Since that column, I have received several e-mails from companies that are offering new techniques to find new names. These all have been aimed at better database manipulation for prospecting. I am not opposed to that. It is wise for a cataloger to continue to find new buyers from prospect lists or segments of old lists that historically have met ROI targets.


However, what I think is necessary is for catalogers to think outside the box, looking in places that have been neglected or have not been explored within one's house file.


House mailings. Since one-time buyers are unprofitable, if one wants to grow and be profitable one should concentrate on increasing response from the house file. However, the majority of catalogers still focus on finding new names rather than figuring out how to milk their house file. This requires new programs that will generate more income from your repeat buyers and make more of your one-time buyers become re-peat buyers. Here are a few ideas.


Loyalty programs. This has to be the one tactic that most catalogers fail to use. Every study shows that consumers and business buyers love these programs and that they influence buying behavior. Frequent flier programs, which are loyalty programs, are second only to schedule in determining which airline is chosen for a trip, because one can accumulate miles toward awards. People even use airline affinity cards for their non-travel purchases just to gain additional miles toward awards.


Yet catalogers think that given their product offerings a loyalty program would have little appeal to their customers, certainly not worth the effort to manage one.
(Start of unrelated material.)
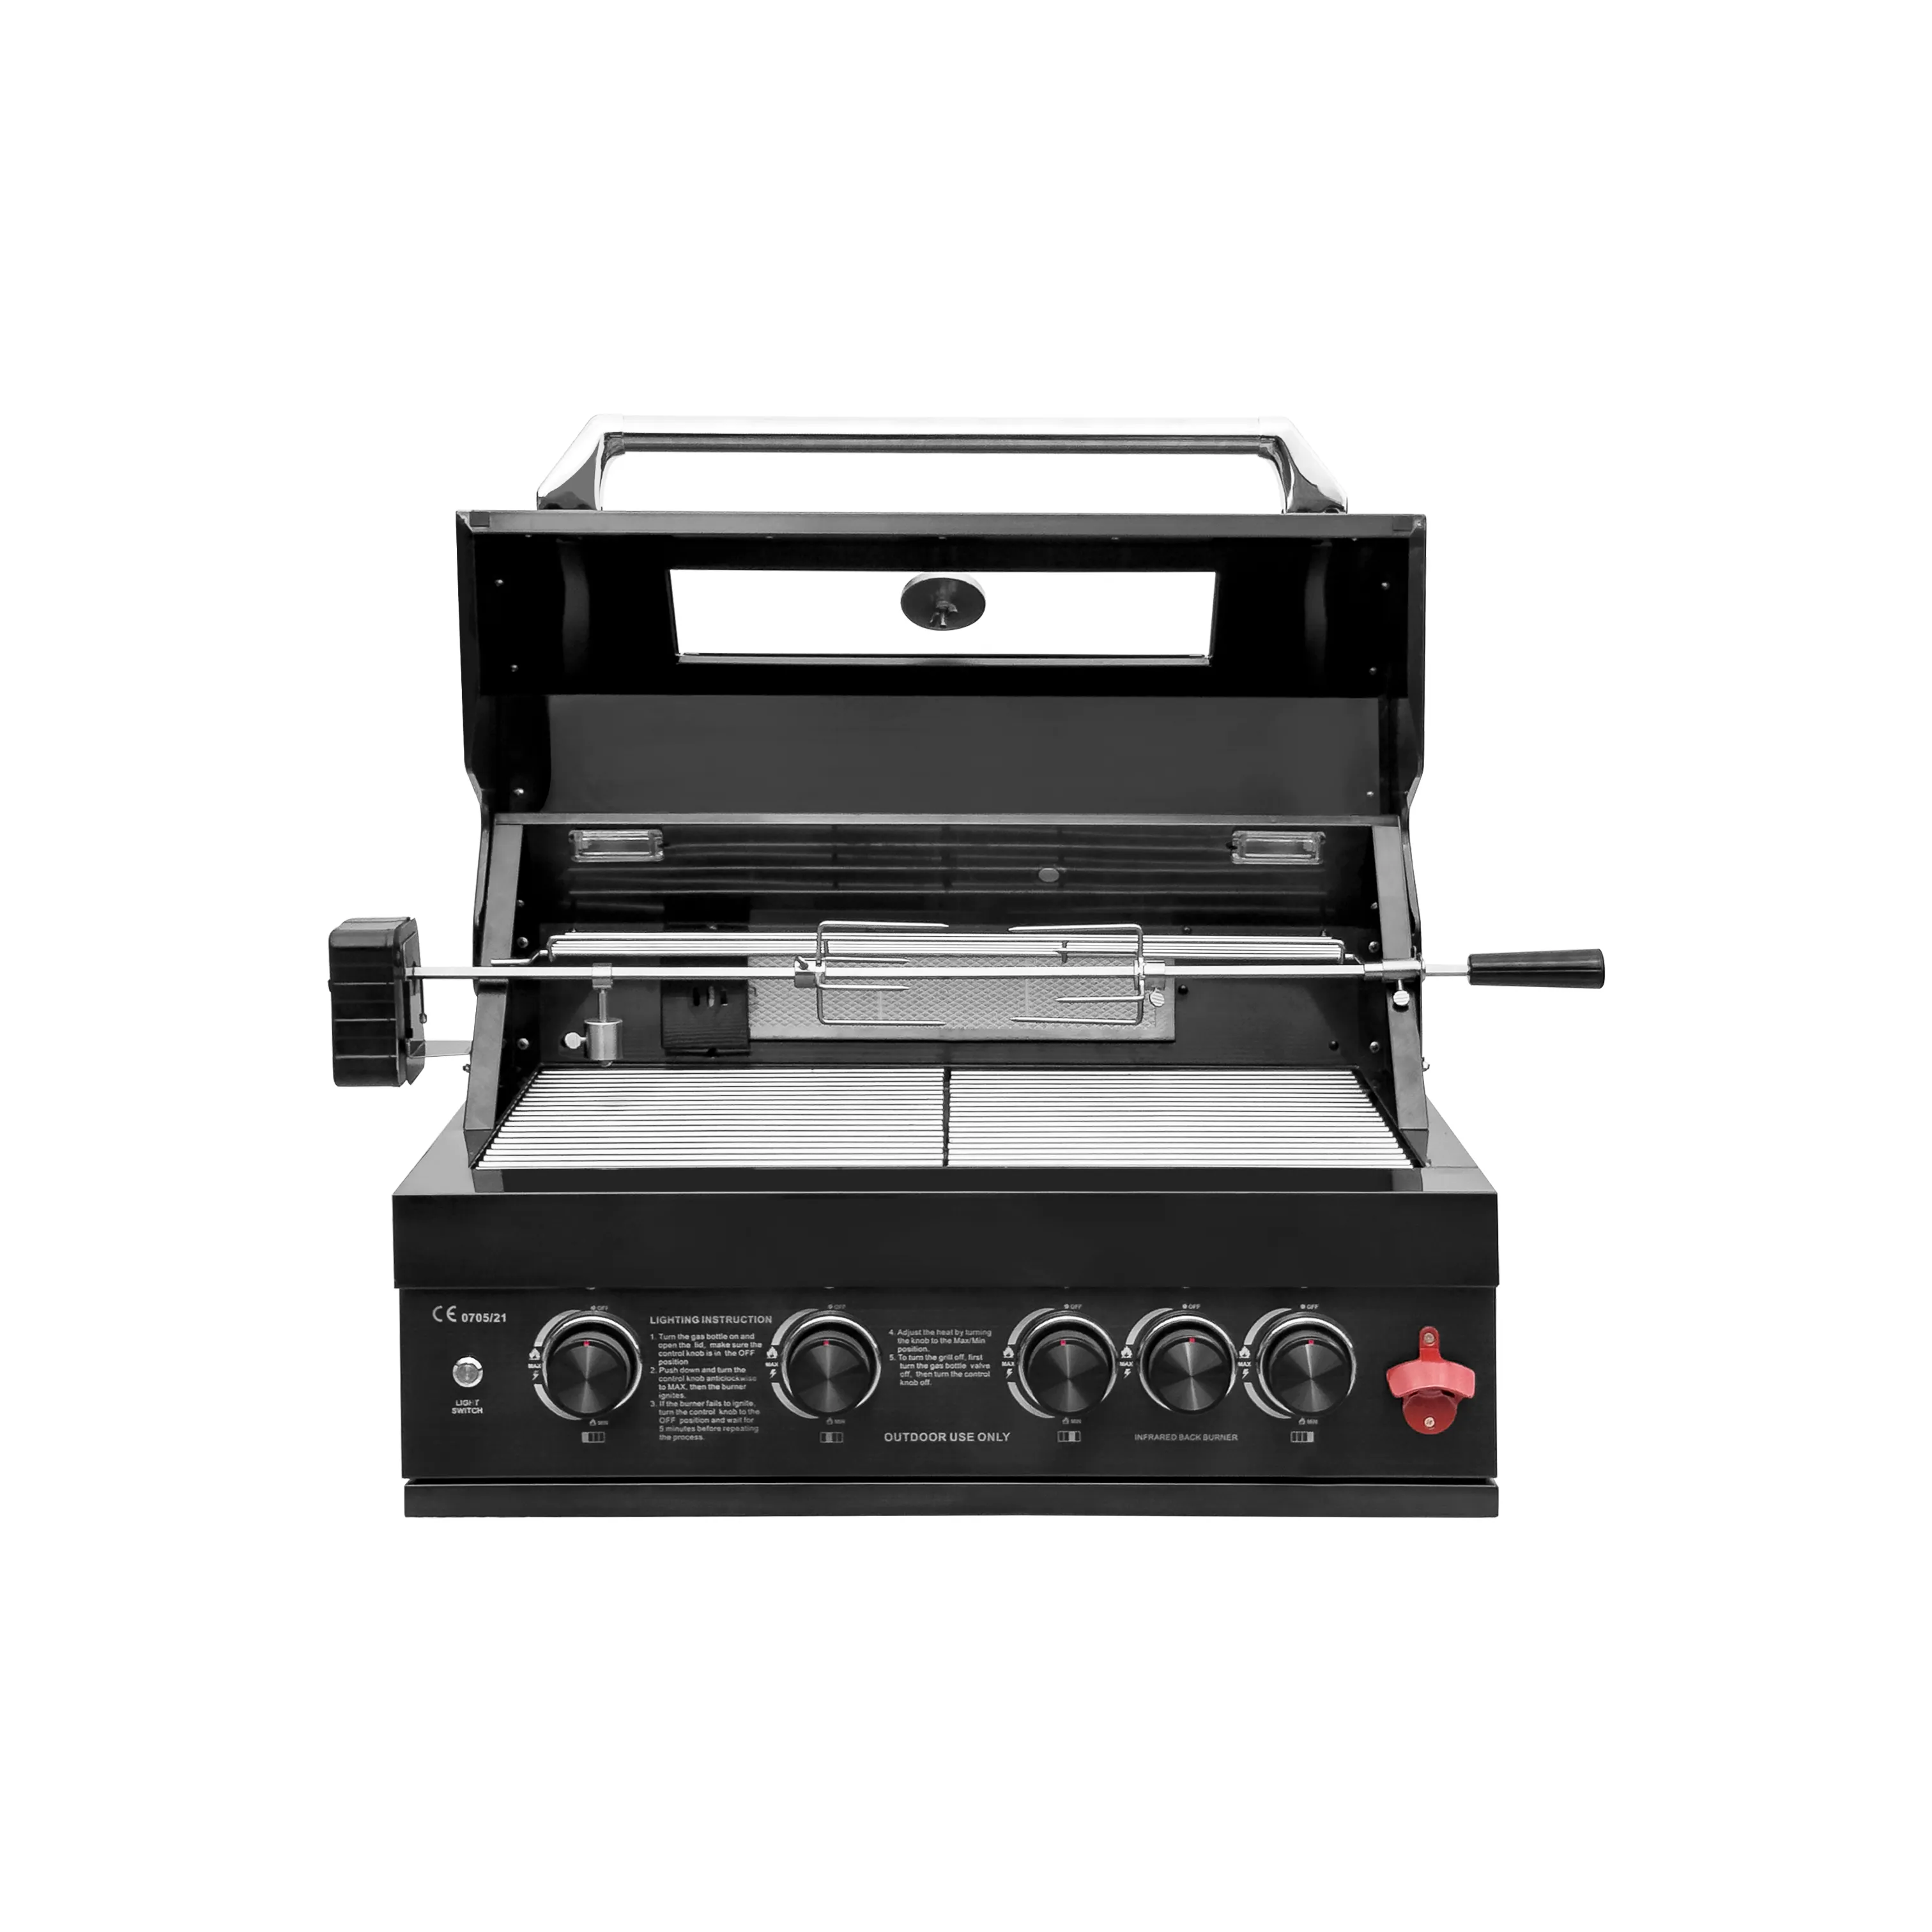 Black Designs Bbq Gaz Cooking Grill Gas Built In Gas Barbecue Grill Outdoor

I argue that if you do an in-depth RFM analysis of your buyers you can identify the cream of the crop that will justify such a program, like the top 5,000 customers.
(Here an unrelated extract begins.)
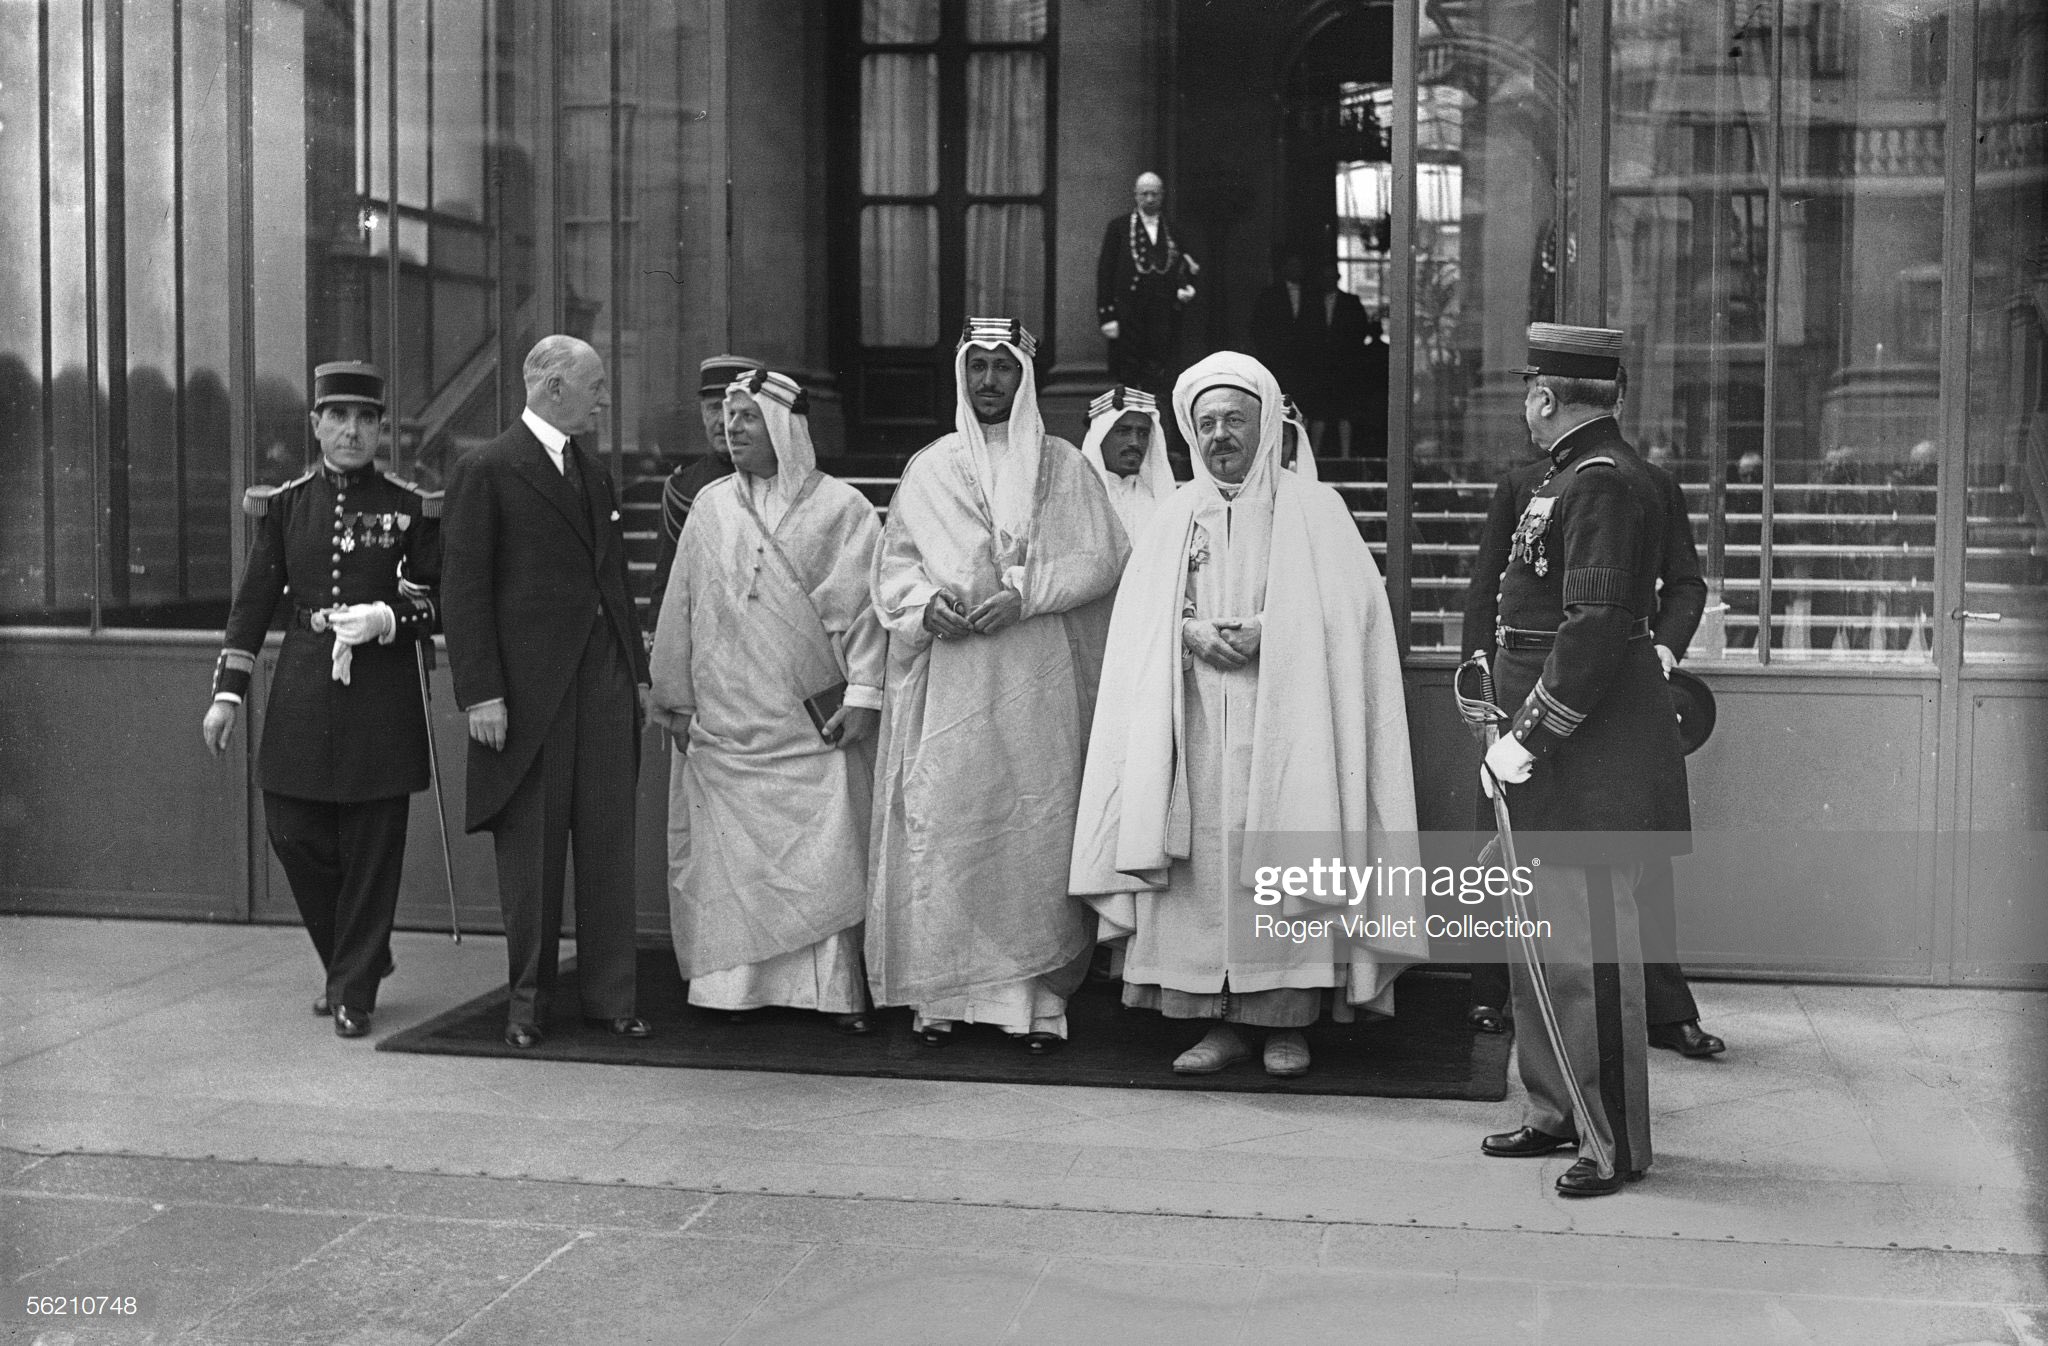 Crown prince Saud /king Saud ,in 1935, at the Elysee Palace. On the left : Andre de Fouquieres; on the right : Si Kaddour Ben Ghabrit, plenipotentiary minister of Morocco, as interpreter. Paris, 1935.

Charles Schwab did that a few years ago and found that the top 1 percent of its accounts represented 65 percent of its net profit. Fearing losing them to full-line brokerages, Schwab started a loyalty program that included providing these accounts with extra benefits like a personal broker.


The loss of these accounts was minimal, as was the cost for this new program, and the accounts increased their trading volume and their portion of overall profit leapt to more than 70 percent.


An example closer to home would be Neiman Marcus' Platinum and Gold Circle programs, which have mirrored Schwab's results, yielding greater volume and more profit from the same customers at minimal cost. Every company has an elite group of customers who make up a disproportionate share of profit. Conduct an ROI by customer; an individual lifetime value and those that generate 50 percent or more of your profit are your target for a loyalty program.


What can you do for them? Assign a customer service rep to each customer who calls the customer monthly asking about their latest purchase, what else they would like, announcing a sale and offering previews. To do this you have to commit to the program and have it led by a senior management person as this requires cooperation among every department.


There will be many other benefits. These customers will tell friends about their great experiences with you, and if you get them into a friend-get-a-friend program you will receive excellent prospect leads. Word-of-mouth is the best form of advertising, so make your best customers your advertising agents.


Solo mailings. What about customers at the other end of the spectrum, those who don't qualify for special treatment? How can you afford to keep mailing them? Too often catalogers get bogged down in the concept that they can mail only a catalog, that the cost of postage, etc., makes it the most cost-efficient mailing.


If you want marginal lists to yield buyers at an affordable cost you have to find other programs, like solo or mini-catalog mailings, that will work. Such programs are used extensively in food-gift and business-to-business. You need to get the merchants with the marketing staff and develop merchandise programs that fit smaller concepts and yet are powerful.


You have to stay focused on your goal of getting more activity from your house file, and that requires thinking and using non-traditional techniques and mailing tactics.


E-mailing. We have a new tactic that most are still using in very limited ways: the chance to e-mail your customers to gain sales. Many companies use e-mail as a separate tool to drive people to their Web site, not realizing that it is also a tool to drive people to a catalog or the phone. Calls are more expensive, but they provide the human element of your company that your Web site cannot.


Most companies still do not use e-mail to support their mail programs. How many catalogers are capturing e-mail addresses during a phone order and then e-mailing the customer shipping information? This is one simple way to make the customer enjoy their experience with you and return.


I cannot guarantee that these ideas will increase ROI from your customers. But I guarantee that if you continue to try just further modeling and segmentation tactics you will see only marginal gains and growth. The key is your customers, not your would-be customers. Your company should make increasing revenue from the average customer, say 10 percent, a major goal for the next year, and that has to be a top-down commitment. If you achieve that and do it with carefully constructed programs, you will increase the bottom line and ROI for the company now and in the future.